Low-cost carrier Flynas saw its IPO fully covered within minutes of opening the bookbuilding process, signaling strong investor appetite for Saudi equities — even as global markets wobble, Bloomberg reports. The company is offloading 51.26 mn shares at SAR 76-80 apiece, according to a statement by the airline (pdf).

Market cap + proceeds: At the top of the range, the company could raise up to USD 4.1 bn, which would set its market cap at up to SAR 13.7 bn at listing.

Where will the money go? Net proceeds of two share blocks — 8.32 mn treasury shares (5.42% of the company) and 3.95 mn existing shares (2.58%) — will go to fund the company’s employee incentive program. The remainder of the 33.83 mn existing shares (excluding the 3.95 mn earmarked for employee incentives) will be shared among the selling shareholders based on their ownership stakes. The two blocks comprise a total of 66% of net proceeds.

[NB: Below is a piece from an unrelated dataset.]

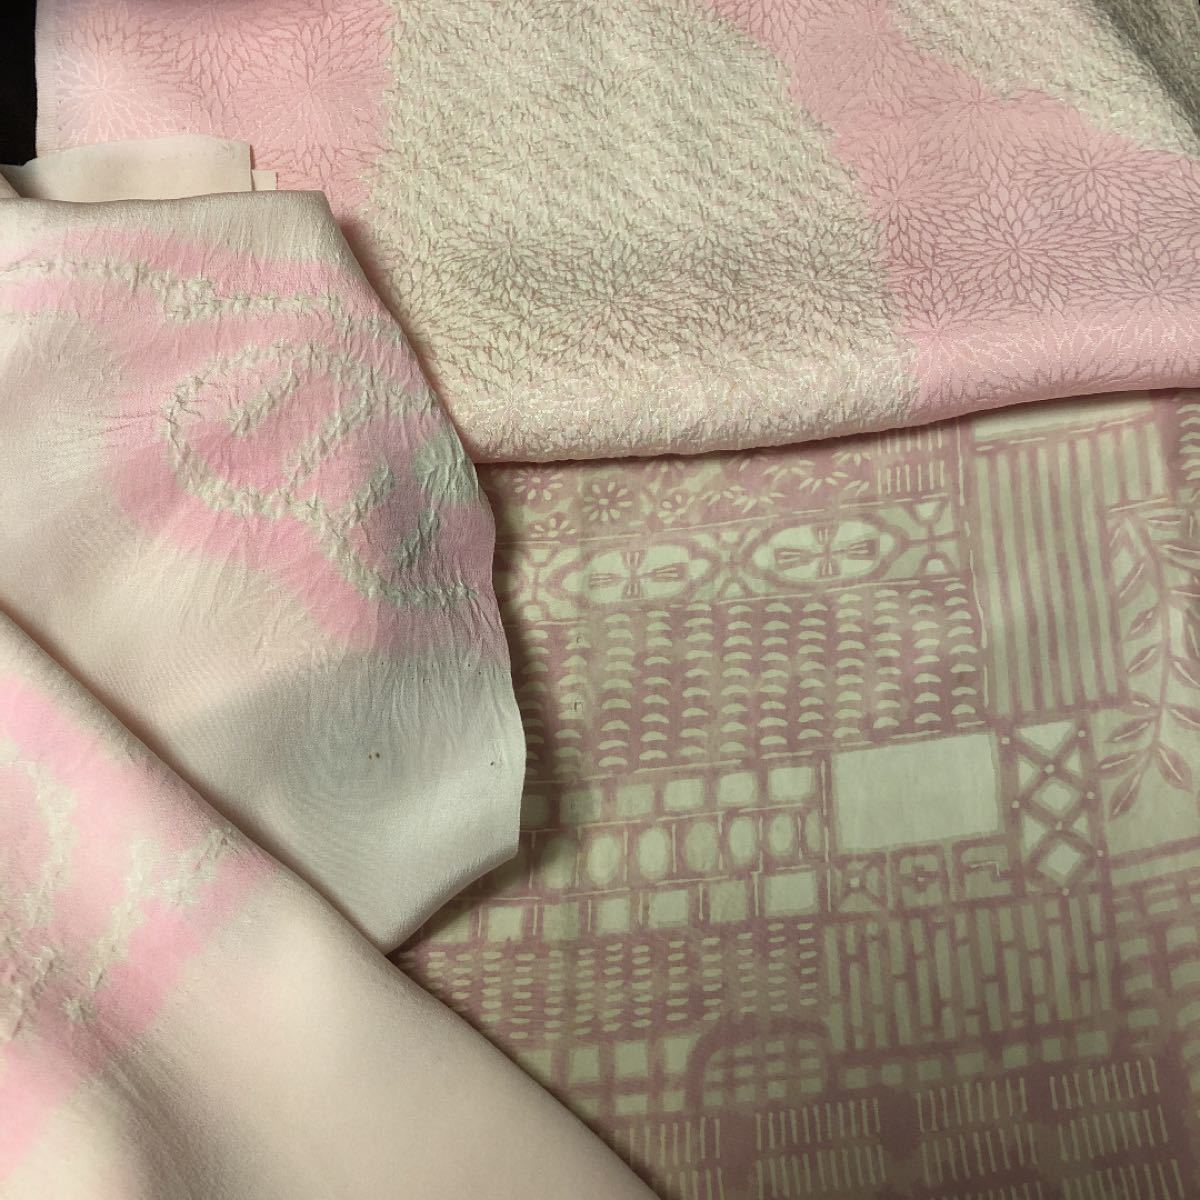 着物の長襦袢 裏地 はぎれ 和装小物 人形着物にリメイク 着物はぎれ パッチワーク ハンドメイド素材

MEANWHILE- Proceeds from newly issued shares — 34% of net proceeds — will go to the company to help fund its growth plans and general business needs.

Why it matters: If successful, Flynas would be the first Gulf airline to go public in nearly two decades — ahead of a much-anticipated IPO by Etihad Airways, expected to hit the Abu Dhabi Exchange later this year. Proceeds from the listing will help Flynas expand its fleet and roll out new hubs across the kingdom.

What’s next: Bookbuilding for institutional investors wraps on 18 May. The retail tranche will follow shortly after.

ADVISORS- Goldman Sachs Saudi Arabia, BSF Capital, and Morgan Stanley Saudi Arabia are joint financial advisors and underwriters. BSF Capital is also serving as lead manager. Bookrunners include Emirates NBD Capital KSA, Goldman Sachs Saudi Arabia, Al Rajhi Capital, BSF Capital, Citigroup Saudi Arabia, ANB Capital, and Morgan Stanley Saudi Arabia. Receiving agents include BSF Capital, Al Rajhi Capital, SNB Capital, and Riyad Capital, among others.